A favorite icon of the Shore is Barnacle Bill’s, a miniature golf course and restaurant in Ortley Beach owned by Bill and JoAnn Petruzel. Like so many businesses, Barnacle Bill’s—which has been around for more than 50 years— made a commitment to rebuild after Sandy struck almost six years ago. “The entire golf course had to be rebuilt; the restaurant and the arcade and all our equipment was destroyed,” says Bill Petruzel. “The arcade was especially painful since all the games that we collected over 40 years were destroyed.”
Sadly, some businesses were unable to reopen after the storm. Those that did have given much of the Shore a new face. “It seems like we have a new beach, a new town, a lot of new people and a lot of reinvented businesses,” says Bill. He adds that Barnacle Bill’s was able to recover from Sandy’s onslaught only because his family was in a solid financial position at the time. When concerned customers asked about the future, he replied, “Of course, of course, we are coming back.” And Barnacle Bill’s is not going anywhere soon. Two sons, Mike and A.J., are committed to running the family business for years to come.
Thankfully, Barnacle Bill’s is not alone. The Sawmill restaurant and bar, a staple on the Seaside Park boardwalk since 1977, is owned and operated by the D’Onofrio family. It too has recovered from Sandy—and more.
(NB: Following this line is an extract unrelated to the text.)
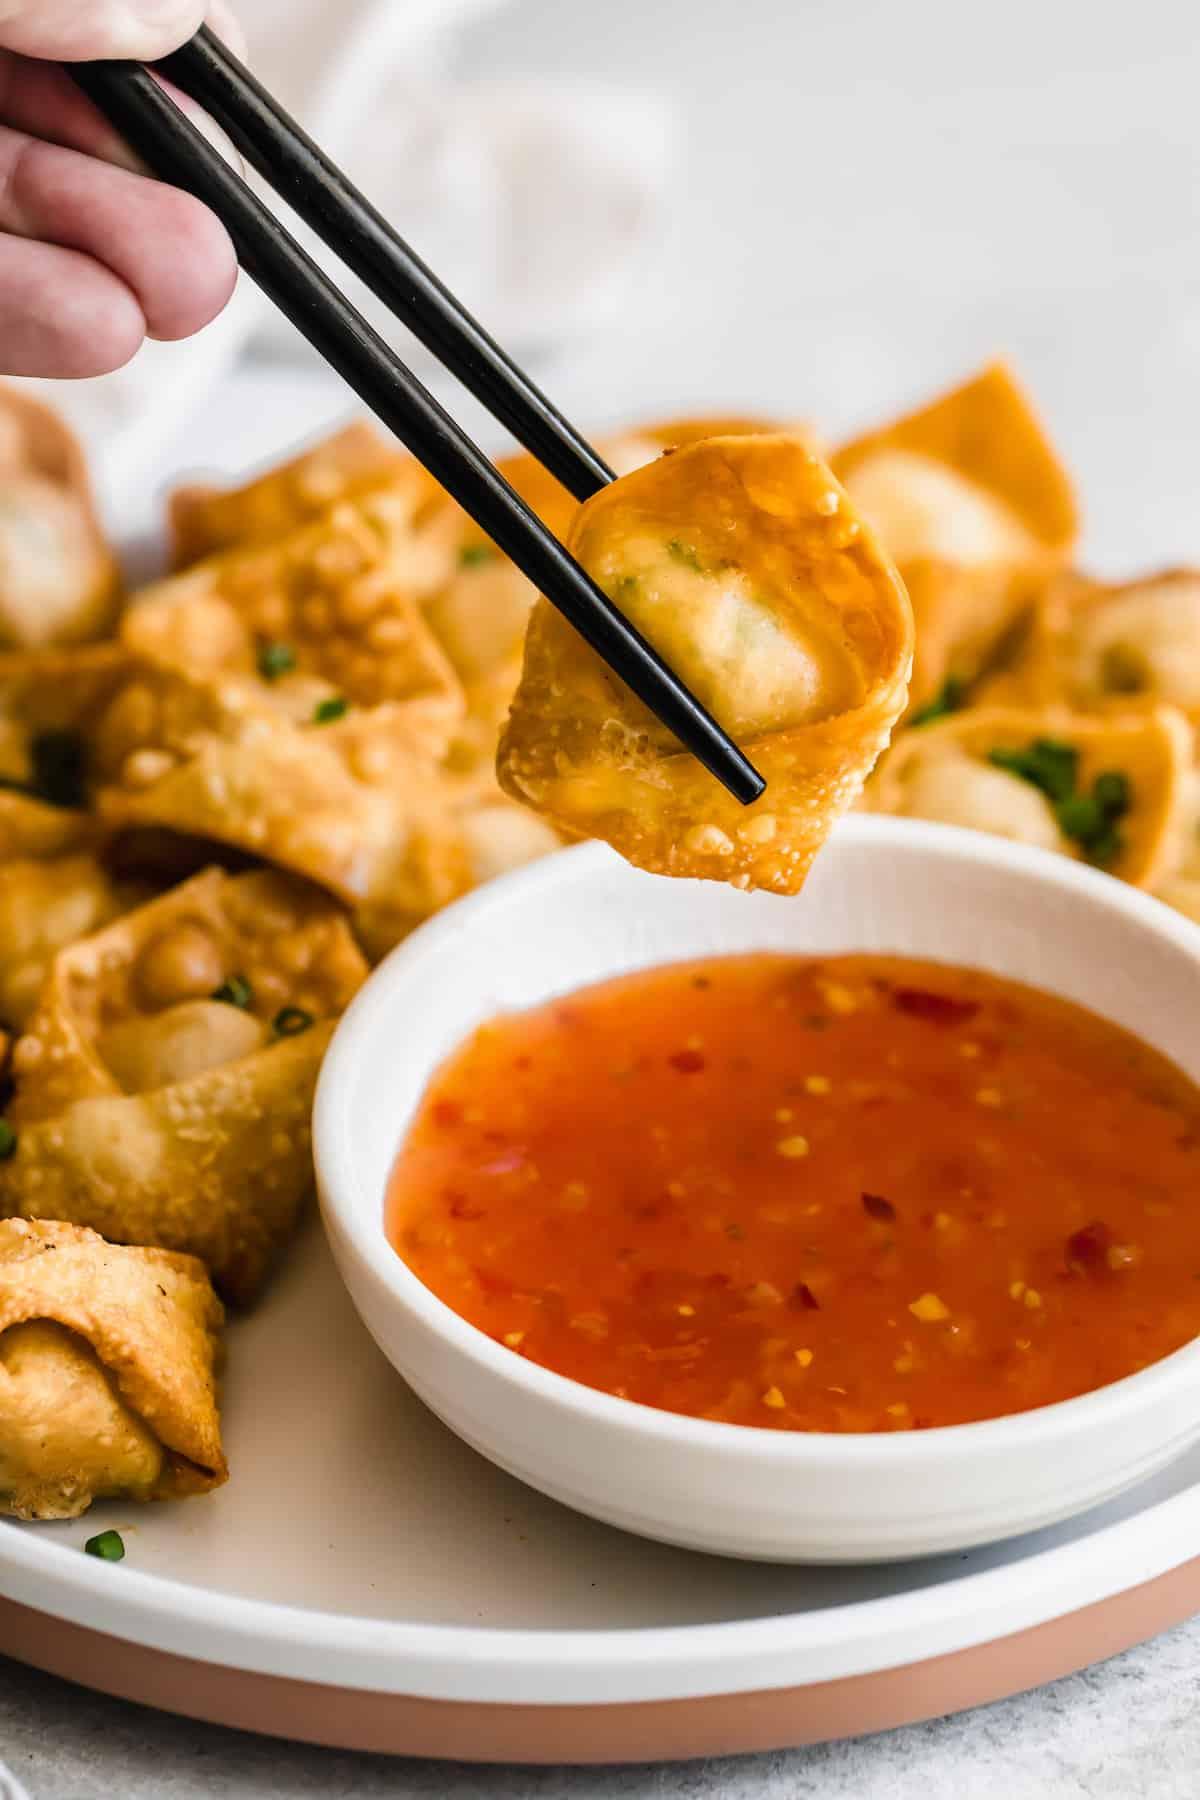 holding chopsticks and dipping crab rangoon wonton in dipping sauce

“Sandy came and made a mess of everything,” says Sawmill general manager Ron Rinaldi, who witnessed firsthand the storm-driven surf pounding the boardwalk at high tide. But Seaside Park was in for a double disaster. “The final damage was the fire on the boardwalk that happened just shy of a year after Sandy,” Rinaldi explains. The fire has been blamed on wiring that was damaged by the flooding and storm surge.
While the fire started near Kohr’s Frozen Custard shop on the boardwalk, it consumed other businesses, including those that had begun to rebuild after the storm. “Everything on the Seaside Park boardwalk was destroyed but us, because we had outdoor fire sprinklers,” says Rinaldi.
More then 50 businesses were wrecked by the storm and the fire, says Rinaldi. By last summer, most were up and running again. Rinaldi says Seaside Park had a great season in 2017 and expects many more. “The Sawmill is a destination restaurant and has been for the past 40 years,” he says. “We will be here for years to come.”
Hurricane Sandy left behind a tremendous amount of destruction, but it also provided an opportunity for infrastructure improvements, particularly along the barrier islands, where much is now elevated and protected from future storms. There are also new bridges, highways and bicycle lanes.
Yes, the Jersey Shore is still far from what it once was. But Shore residents and business owners are resilient. True, some were unable to stay and rebuild, but those who did will ensure that generations to come will have the chance to make their own memories of the Jersey Shore.